La cuisine, une affaire de management?
Thierry Marx était invité à Souillac ce lundi pour venir former les chefs cuisiniers de demain au management. Un cours plus théorique que pratique qu’il vient donner tous les deux mois.
La cuisine est aussi une recette de compétences managériales. C’est ce que vous souhaitez enseigner ?
Aujourd’hui j’ai poussé les jeunes de ce bachelor dans l’erreur managériale, à s’appuyer sur une compétence métier qu’ils ne maîtrisent pas pour qu’ils se rendent compte qu’il leur manque des savoirs. La cuisine apparaît comme une affaire d’Etat alors que finalement ça ne tient à pas grand-chose : cuire, assaisonner, dresser. Gérer une entreprise, ça, c’est tout autre chose. Ils doivent apprendre à déléguer, à être efficaces pour la croissance de leur entreprise, à maîtriser les coûts, à être à la fois rêveur, comptable et vendeur.
La génération que vous formez est-elle d’autant plus réceptive à l’enjeu de la saisonnalité, de la ruralité et des circuits courts ?
C’est une génération de l’engagement. Ils sont déjà mobilisés sur les enjeux environnementaux, ils ont envie de continuer à vivre sur cette planète. Ils savent qu’il y a encore du travail à faire sur la logistique des circuits courts : comment fait-on pour l’acheminement dans un département comme le Lot où l’on est pénalisé par le manque de moyens de transport ?
Cette génération biberonnée aux émissions de télé comme Top Chef n’a-t-elle pas tendance à fantasmer l’univers de la cuisine ?
Pas forcément, chacun vient chercher des choses bien différentes dans les émissions de télé comme Top Chef mais aussi comme les Carnets de Julie. Pour autant, il est vrai qu’aujourd’hui on consomme davantage un style et une image : le pêcheur barbu qui n’a jamais mis un pied sur un bateau, le spécialiste de la permaculture parfaitement manucuré…
C’est un monde qui a évolué donc, notamment sur les réseaux sociaux…

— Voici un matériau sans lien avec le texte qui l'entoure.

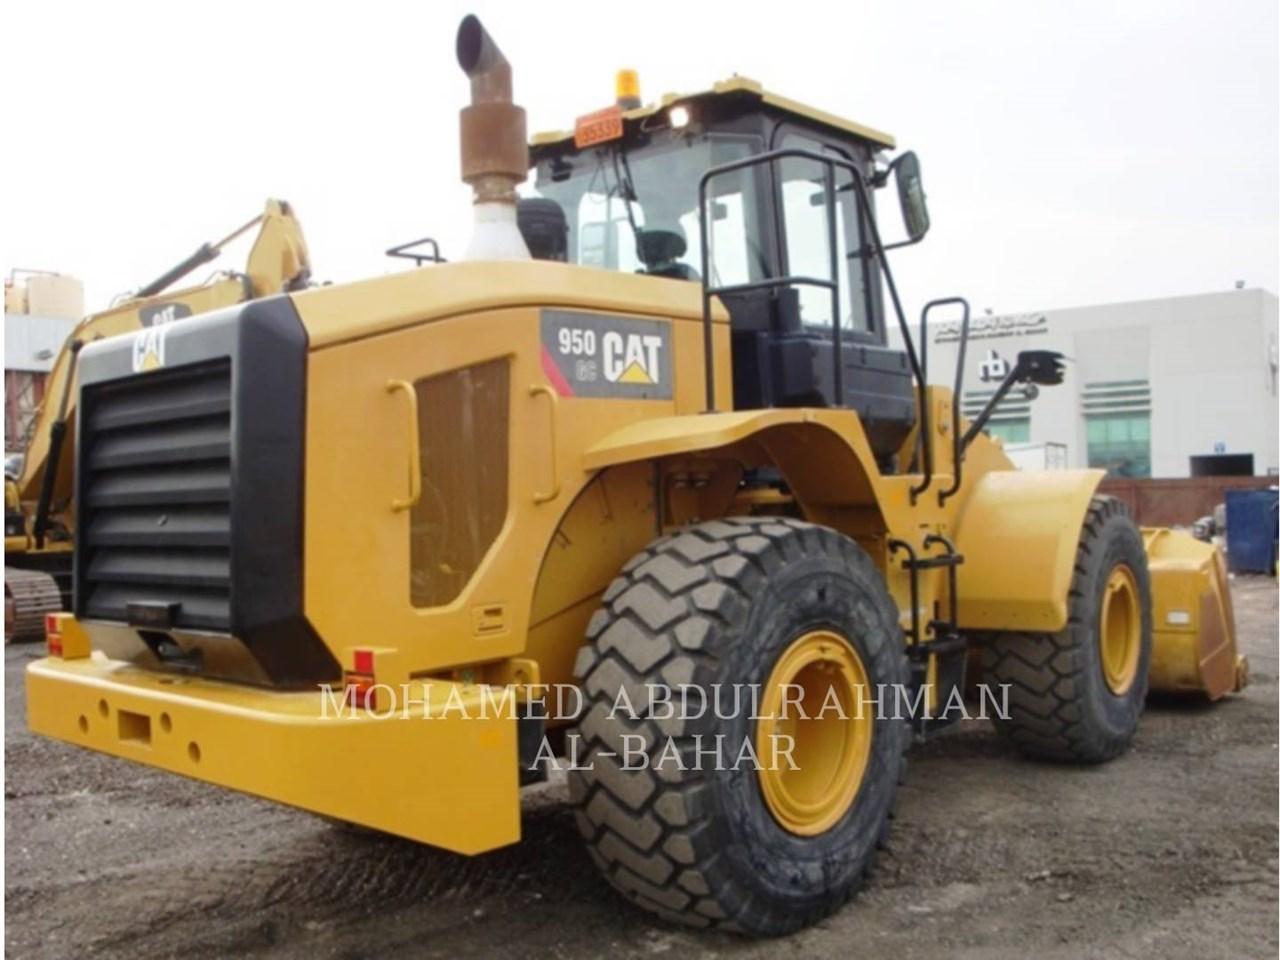 2018 Caterpillar 950GC Image 5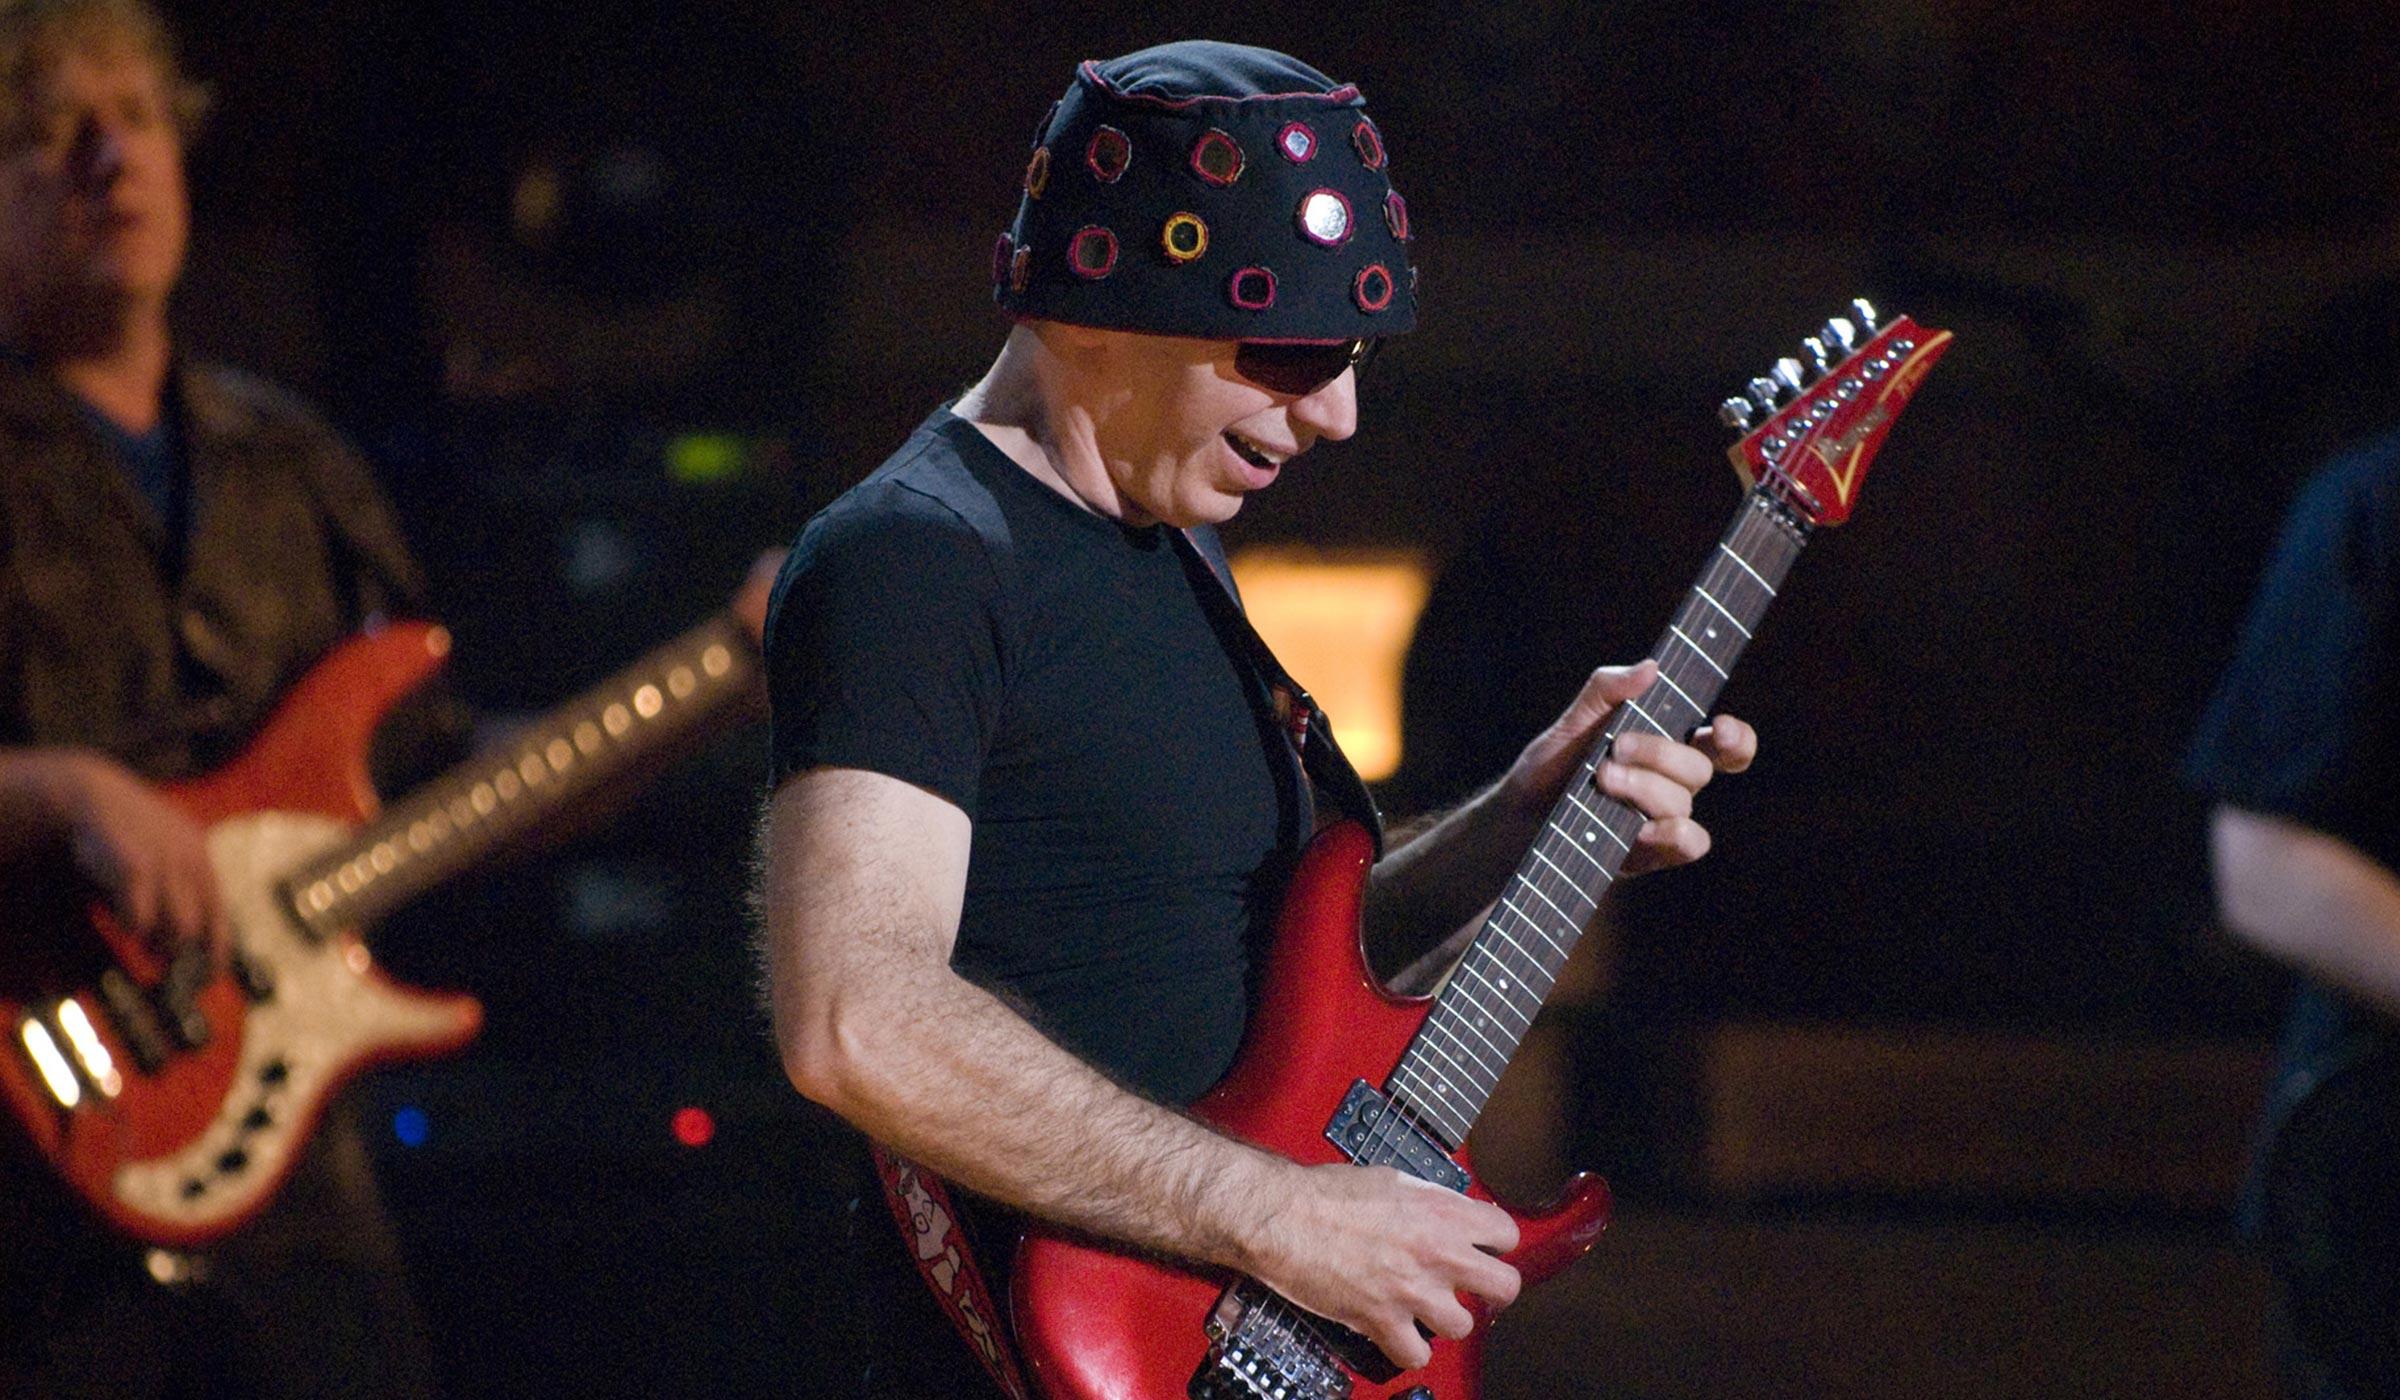 Александр доронин гитарист фото

Le phénomène de food porn (N.D.L.R. photographier sa nourriture) sur Instagram est quelque chose qui m’effare, il y a une vraie attractivité à montrer ce que l’on mange. De façon générale, mes élèves maîtrisent déjà très bien les réseaux sociaux, ils sont assez lucides sur les enjeux qu’ils impliquent en termes de visibilité et de dangers. Ils ont de la ressource grâce à leur cerveau supplémentaire, situé dans leur poche arrière grâce auquel ils googlisent une vidéo et un ingrédient sur Wikipédia. Et en termes d’emploi, ils ont des attentes bien différentes. Ils ont vu leurs parents avoir un rapport sacrificiel au travail et ils n’en veulent pas pour eux. Ils veulent avant tout du fun. Ils ne veulent plus commencer par un CAP où l’on apprend à émincer une échalote.
Le Lot pour vous c’est aussi une valeur sûre en termes culinaires…
J’ai une affection toute particulière pour ce département où j’ai passé chaque année mes trois mois d’été entre Saint-Céré et Lacapelle-Marival. J’ai toujours trouvé le cabécou formidable, comme la noix, l’huile de noix et la prune. En petit Parisien, j’avais l’impression qu’on ramenait à chaque fois des tonnes de girolles quand on partait dans les bois. Mais pour moi cette forêt, c’était déjà l’aventure amazonienne. J’ai le souvenir de l’omelette à la truffe, des produits cuits au feu de bois, du pain trempé dans la soupe et des bouts de cantal qu’on rajoutait dedans.
Vous n’allez sûrement pas repartir les valises vides…
Certainement pas. Je suis allé à Lalbenque. La truffe est exceptionnelle cette année.
« Une chance inouïe »
Raphaël Daubet, le président de Cauvaldor a souligné « la chance inouïe pour le Lot que d’avoir ce bachelor, ce n’est que la première pierre d’un futur édifice mais déjà la greffe entre lui et le territoire s’est opéré ». Gilles Libéus, le maire de Souillac se félicite de ce « renouveau » et de « cette possibilité de faire venir et de garder des jeunes pour du travail ».